Unnamed: 0,Name,Team,SV,BS
0,Ryan Helsley,STL,49,4
1,Emmanuel Clase,CLE,47,3
2,Kyle Finnegan,WSN,38,5
3,Robert Suarez,SDP,36,6
4,Josh Hader,HOU,34,4


In [17]:
phat = sum(teams['BS'])/sum(teams['SV'])

indivs['BS_hat'] = indivs['SV'] * phat

## 7.73, which is god awful
print("MSE for Constant p-hat: ",
      round(sum((indivs['BS'] - indivs['BS_hat'])**2)/len(indivs),2))

MSE for Constant p-hat:  7.73


Clearly the previous assumptions were terrible. Being off by 10 is horrible, and the estimate penalizes the best relievers equal to those who generate more blown saves. That clearly doesn't work.

I'm going to fit a decision tree to the 2024 data to estimate blown saves. It's fair to assume that blown saves do not follow a known distribution, in particular not the bernoulli/binomial distribution. As such, we want a model that does not rely upon a known distribution, but can still estimate a continuous distribution.

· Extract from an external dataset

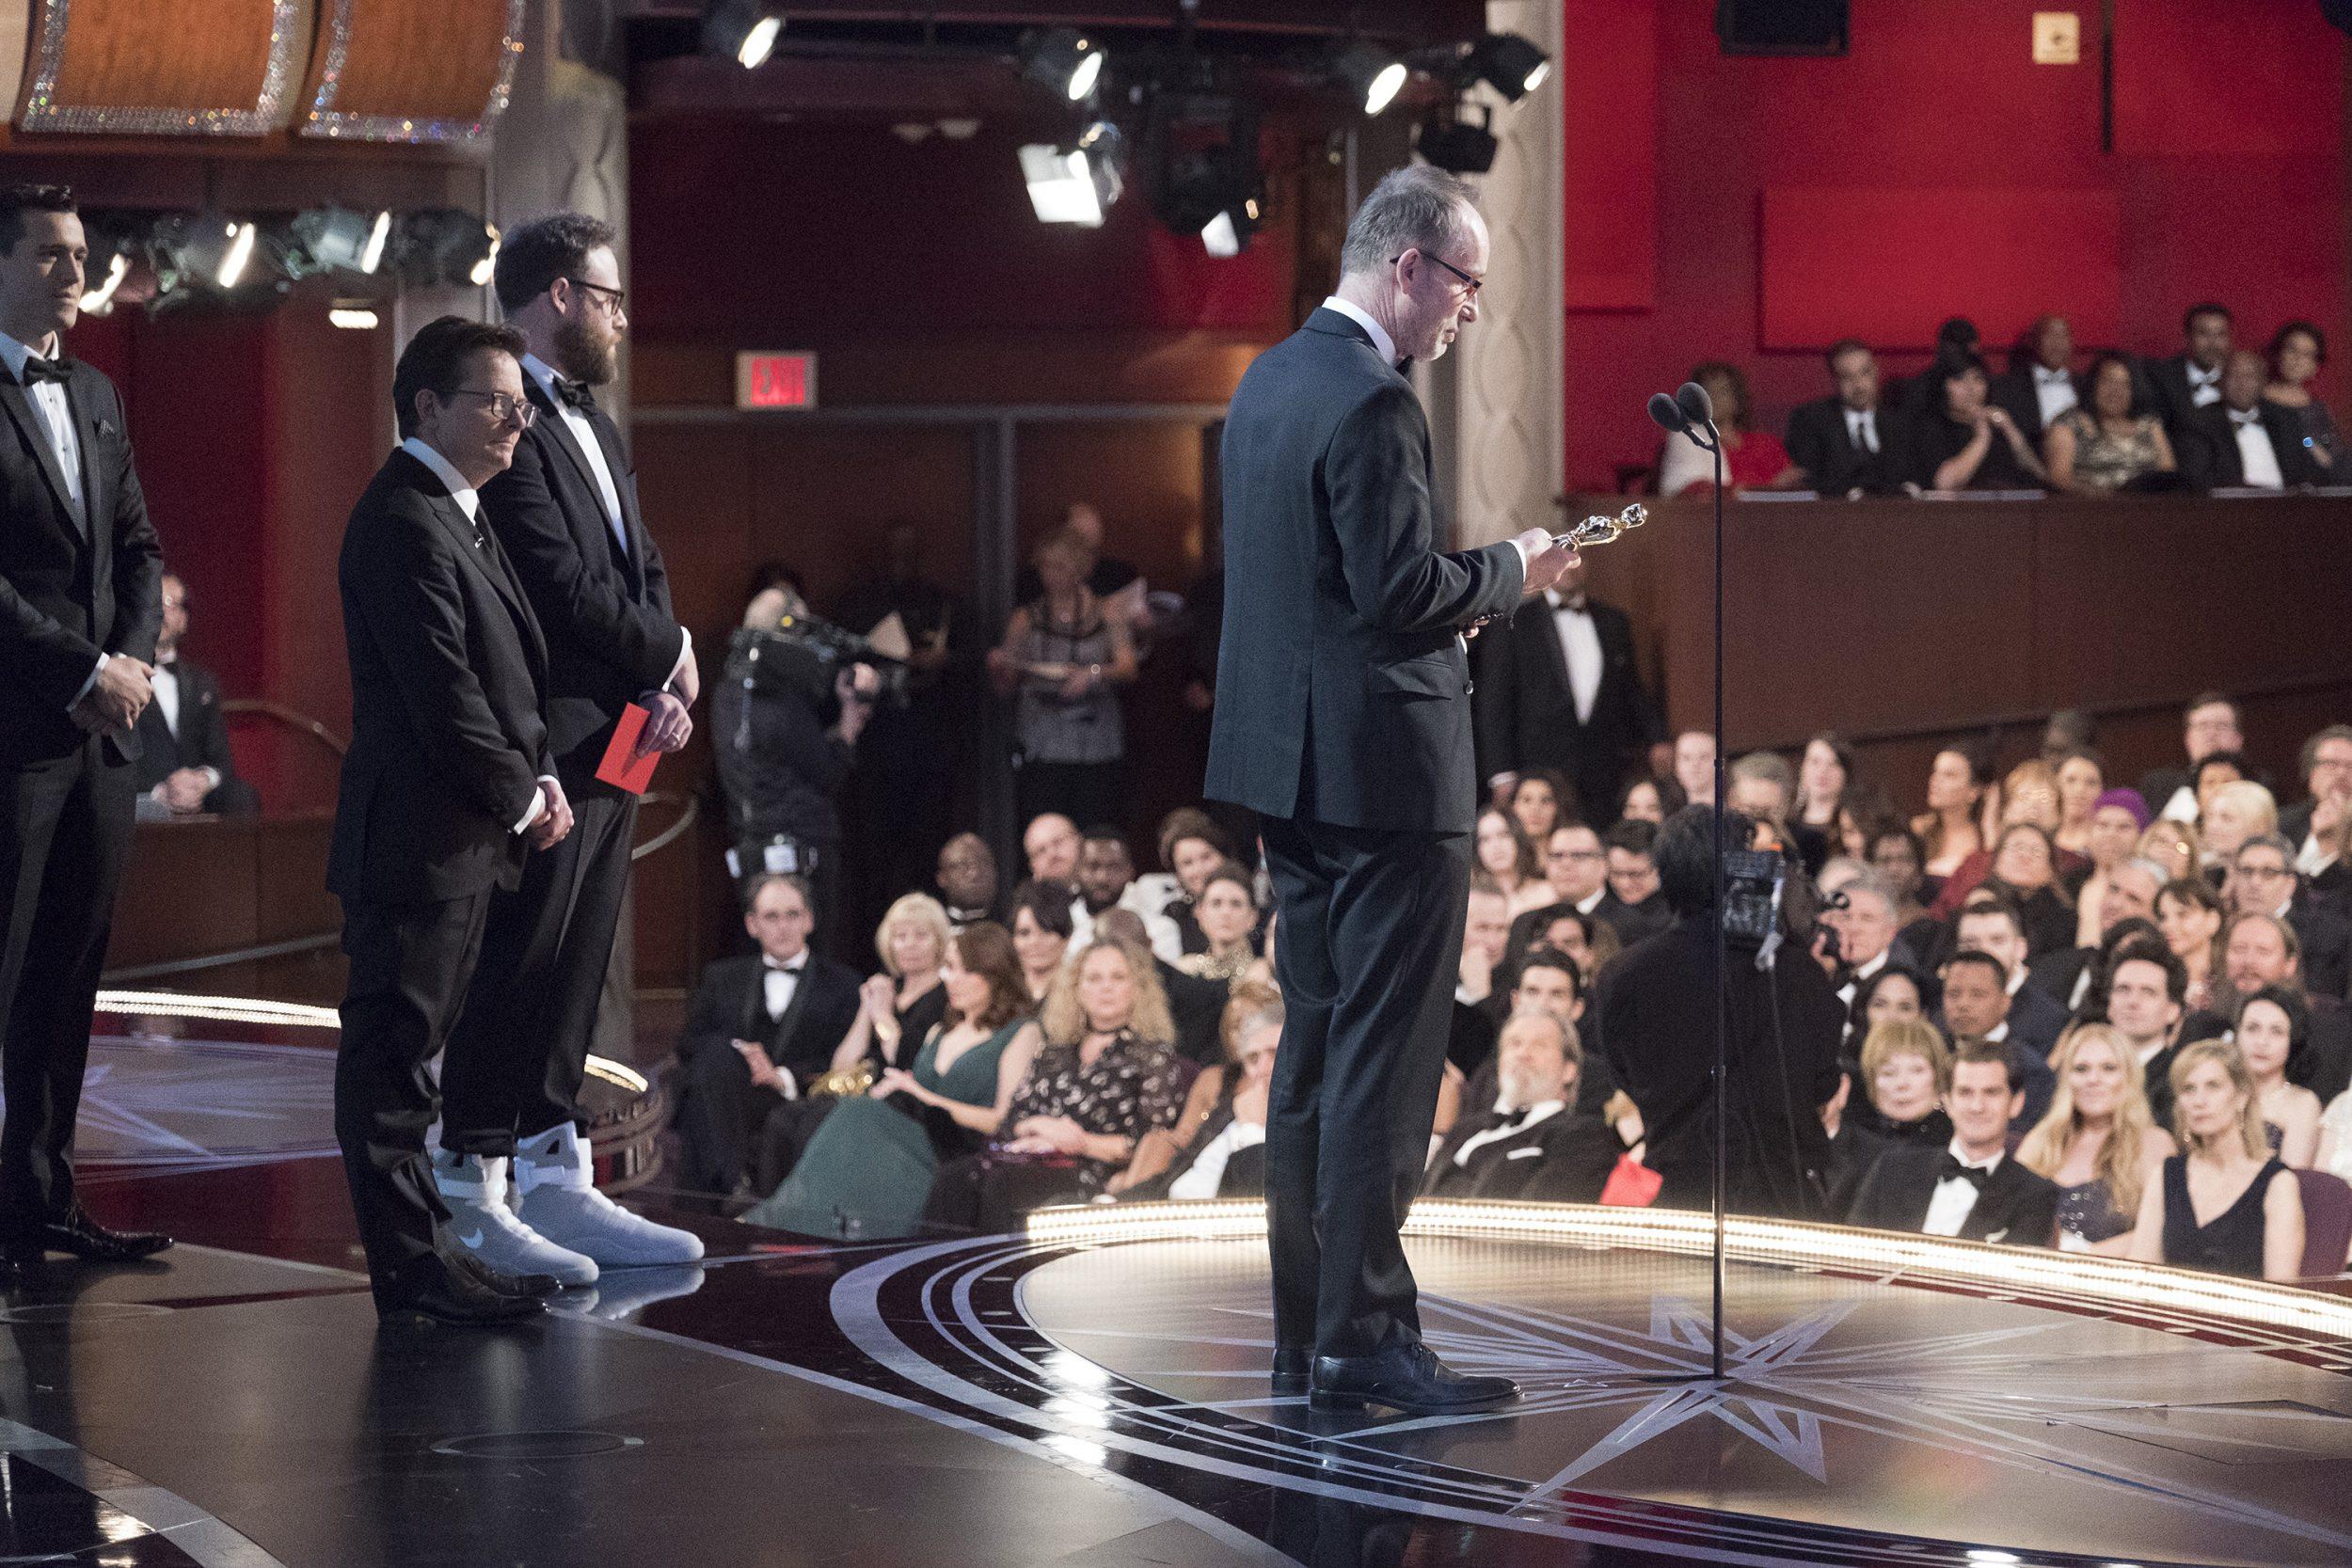 THE OSCARS(r) - The 89th Oscars(r)  broadcasts live on Oscar(r) SUNDAY, FEBRUARY 26, 2017, on the ABC Television Network. (ABC/Adam Rose) MICHAEL J. FOX, SETH ROGEN, JOHN GILBERT

Here come the trees!

In [18]:
indivs.set_index('Name', inplace = True)
indivs.columns
indivs = indivs[['ERA', 'G', 'GS', 'SV', 'HLD', 'BS', 'IP', 'HR', 'BB', 'SO']]

## count the relief apperances and drop anyone with less than 5, as that may cause odd results
indivs['ReliefApps'] = indivs['G'] - indivs['GS']
indivs = indivs[indivs['ReliefApps'] >= 5]
indivs.drop(['G', 'GS'], axis = 1, inplace = True)

In [19]:
indivs.head()

Unnamed: 0_level_0,ERA,SV,HLD,BS,IP,HR,BB,SO,ReliefApps
Name,Unnamed: 1_level_1,Unnamed: 2_level_1,Unnamed: 3_level_1,Unnamed: 4_level_1,Unnamed: 5_level_1,Unnamed: 6_level_1,Unnamed: 7_level_1,Unnamed: 8_level_1,Unnamed: 9_level_1
Ryan Helsley,2.035176,49,0,4,66.1,3,23,79,65
Emmanuel Clase,0.605381,47,0,3,74.1,2,10,66,74
Kyle Finnegan,3.675393,38,0,5,63.2,9,24,60,65
Robert Suarez,2.769231,36,1,6,65.0,7,16,59,65
Josh Hader,3.802817,34,0,4,71.0,12,25,105,71


In [21]:
y = indivs['BS']
X = indivs.drop('BS', axis = 1)

First, overfit a model on all the data to validate that this single tree approach will work to some extent

In [22]:
dt = DecisionTreeRegressor()
dt.fit(X,y)
preds = dt.predict(X)
## MSE
print(sum((y-preds)**2)/len(y))

0.0


It's safe to say the overfit model overfits and predicts well considering that it returned identical predictions. Now we need to tune this this so it doesn't provide completely useless results.

In [23]:
## identify the number of splits
print(dt.tree_.max_depth)


18


In [24]:
## 80-20 train test split for validation
Xtrain, Xtest, ytrain, ytest = train_test_split(X, y, random_state=seedA, train_size = .8)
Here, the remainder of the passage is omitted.